Our observations have some important clinical implications. Insulin pump release can be modified during a flight or in the case of a dive at a depth <3 m and the patients should be advised to take into account the risks of unexpected variation in basal pump insulin rate. It is worthwhile to note that for most patients the magnitude of the changes is likely to be insignificant compared with the effect of increases in insulin resistance associated with the lack of physical activity during air travel. Some patients may experience even greater insulin resistance due to counter-regulatory hormones associated with the perceived stress of travel. However, in patients with low doses of insulin needs and high insulin sensitivity, such as children, small women, or in general patients with type 1 diabetes with an insulin sensitivity factor of 1:100 or superior, these findings are important.

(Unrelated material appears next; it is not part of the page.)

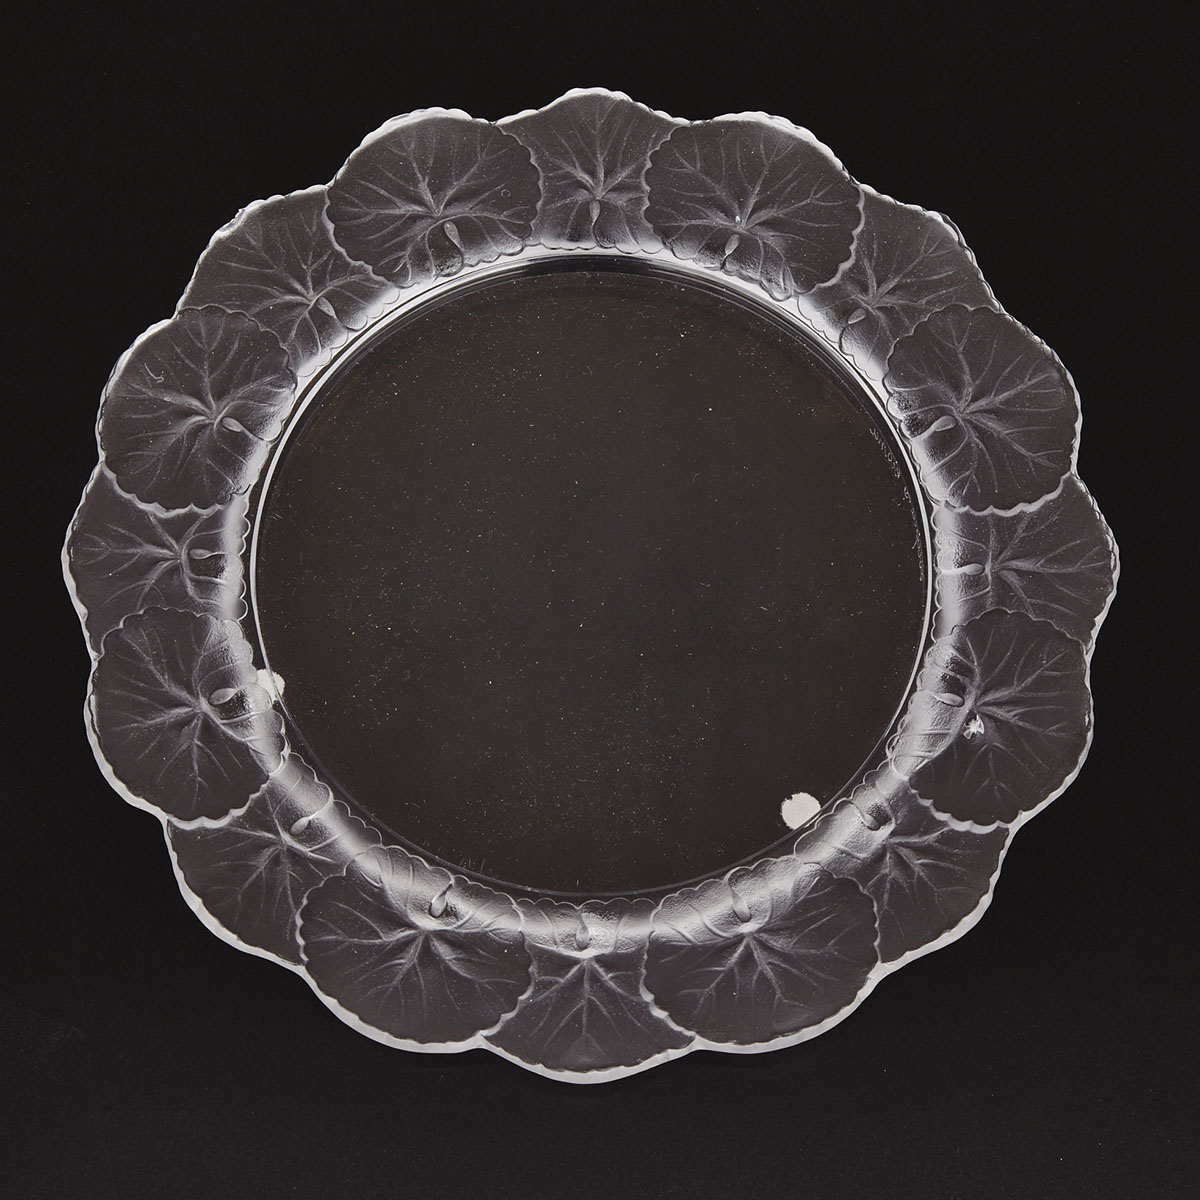 ‘Honfleur’, Lalique Moulded and Frosted Glass Plate, post-1978

In addition, patients should pay particular attention to avoid air bubble formation during the insulin loading procedures. The use of the preloaded insulin cartridge seems to be useful in reducing this phenomenon. Also healthcare professionals should advice their patients of the possible interference of atmospheric pressure changes and pump insulin release, particularly in children and patients with low insulin requirement. Patients should be acknowledged about the potential increased risk of hypoglycemia in between 1 and 2 h after the takeoff of a plane (when the depressurization takes place) and of hyperglycemia in between 1 and 2 h after the landing of a flight (when there's a pressurization) during pressurization.